2

Does anyone know of a library - ideally Python, that can have a stab at pulling dates out of text?

"Shall we go to the library today" -> 21 Jan 10 "Starting on the 1st of January" -> 1 Jan 10 "Anytime between 3nd and 5th of Feb 2009" -> 3 Feb 09, 5 Feb 09

It's a tough problem and probably why I havn't found anything! Already using NLTK by the way if that helps.

PhoebeB
  • 8,434
  • 8
  • 57
  • 76
  • Not that I know of any, but does it need to be international or US only? US only could be done with a set of regexes but internationalreally increases the amount of regexes :( – extraneon Jan 21 '10 at 12:11
  • dupe: http://stackoverflow.com/questions/1258712/fuzzy-timestamp-parsing-with-python and http://stackoverflow.com/questions/1822787/parsing-dates-from-free-text-input-in-python among many others – SilentGhost Jan 21 '10 at 12:17
  • fuzzy is a good search term. Following suggested threads above found this, http://stackoverflow.com/questions/1258712/fuzzy-timestamp-parsing-with-python/1378134#1378134 which looks promising. And yes, international is required sigh. – PhoebeB Jan 21 '10 at 12:28
  • These answers indeed parse strings related to time, but don't help with extracting time phrases from free text. – Adam Matan Jan 21 '10 at 12:53

3 Answers3

4

Looks like this module is what you are looking for: parsedatetime

Nadia Alramli
  • 111,714
  • 37
  • 173
  • 152
  • You'll probably have to tokenize your lines before moving them to the parser. – Adam Matan Jan 21 '10 at 12:26
  • 1
    Should have added to question - have been trying with this but it is easily fooled and then you have the problem of working out if the result is valid! Thanks for suggestion though. – PhoebeB Jan 21 '10 at 12:27
2

The PyParsing site has a little bonus script for parsing time expressions. I would say that is worth a look for you!
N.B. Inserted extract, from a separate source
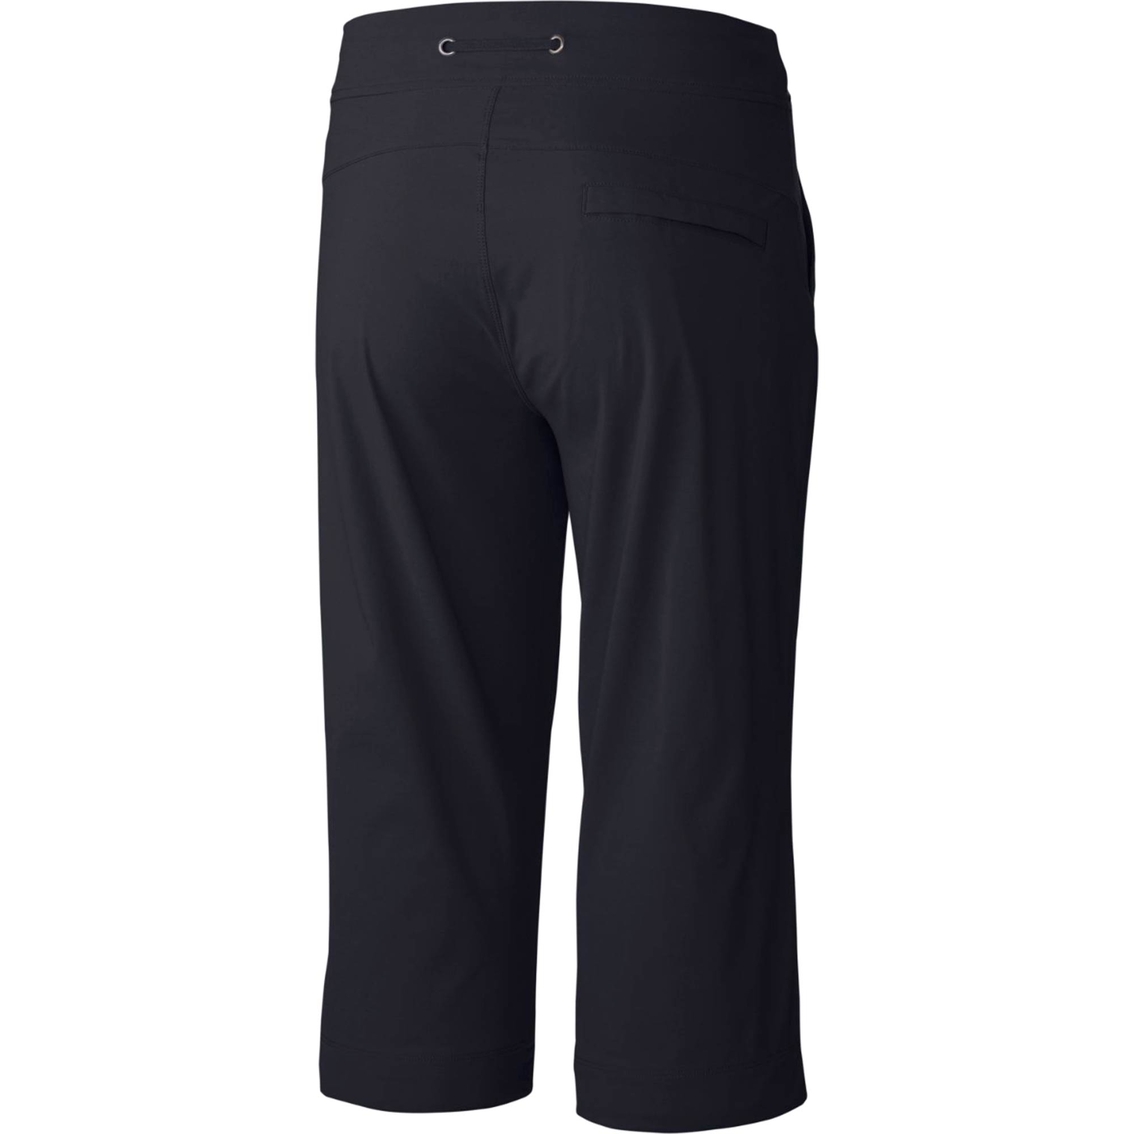 Columbia Plus Size Anytime Outdoor Capri Pants | Pants | Clothing ...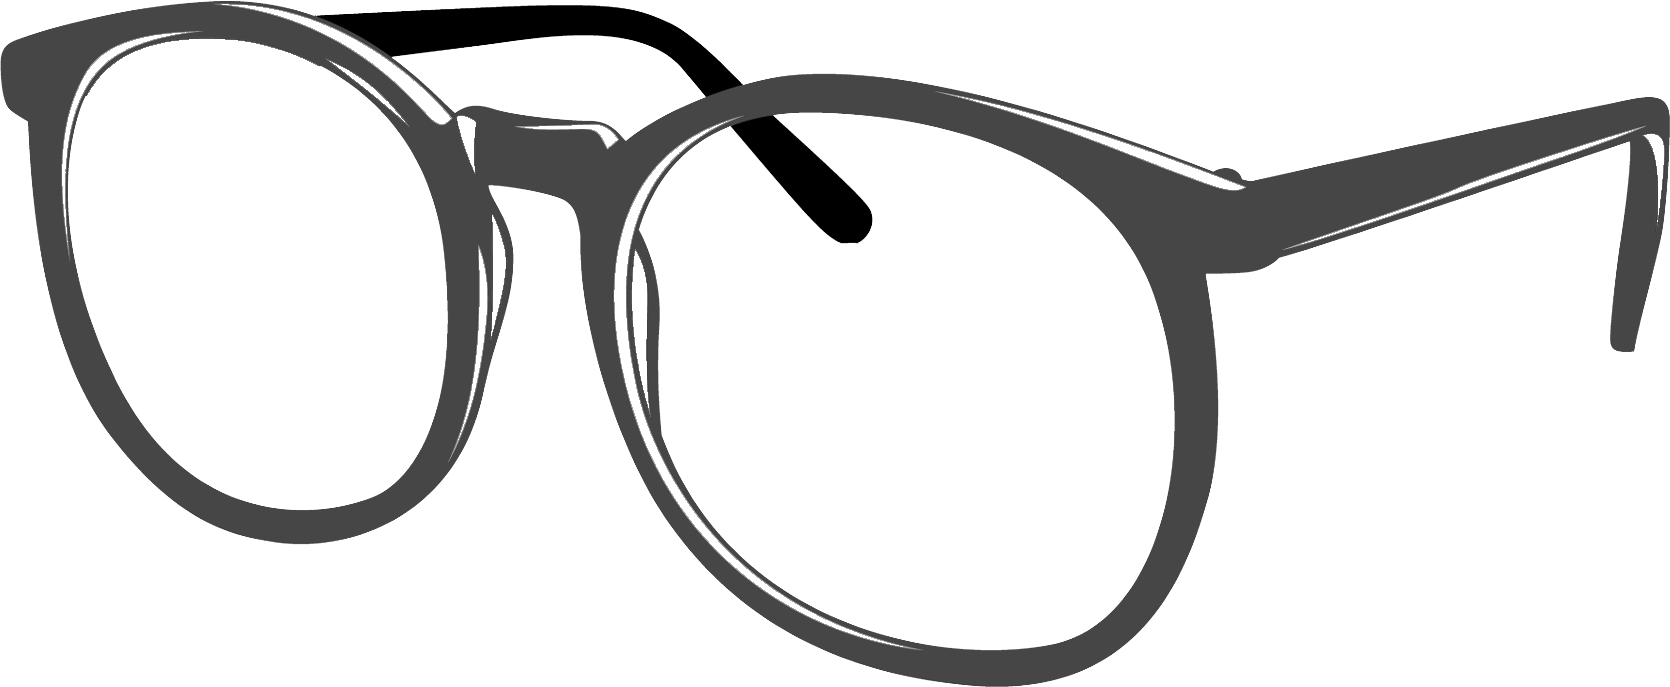 Sunglasses Clipart Transparent Gif - Clip Art Glasses Transparent (1670x687), Png Download

Edit: I see you already ended up there as I was typing my suggestion. Good luck to you!

jathanism
  • 33,067
  • 9
  • 68
  • 86
1

Thanks for the contributions - in the end I followed up one of the comments, that led to pyparsing, which led to the beginnings of a solution. many thanks all.

Have posted the work in progress, two pyparsing snippets of code here http://pbjots.blogspot.com/2010/01/using-pyparsing-to-extract-dates-from.html in case they help anyone.

PhoebeB
  • 8,434
  • 8
  • 57
  • 76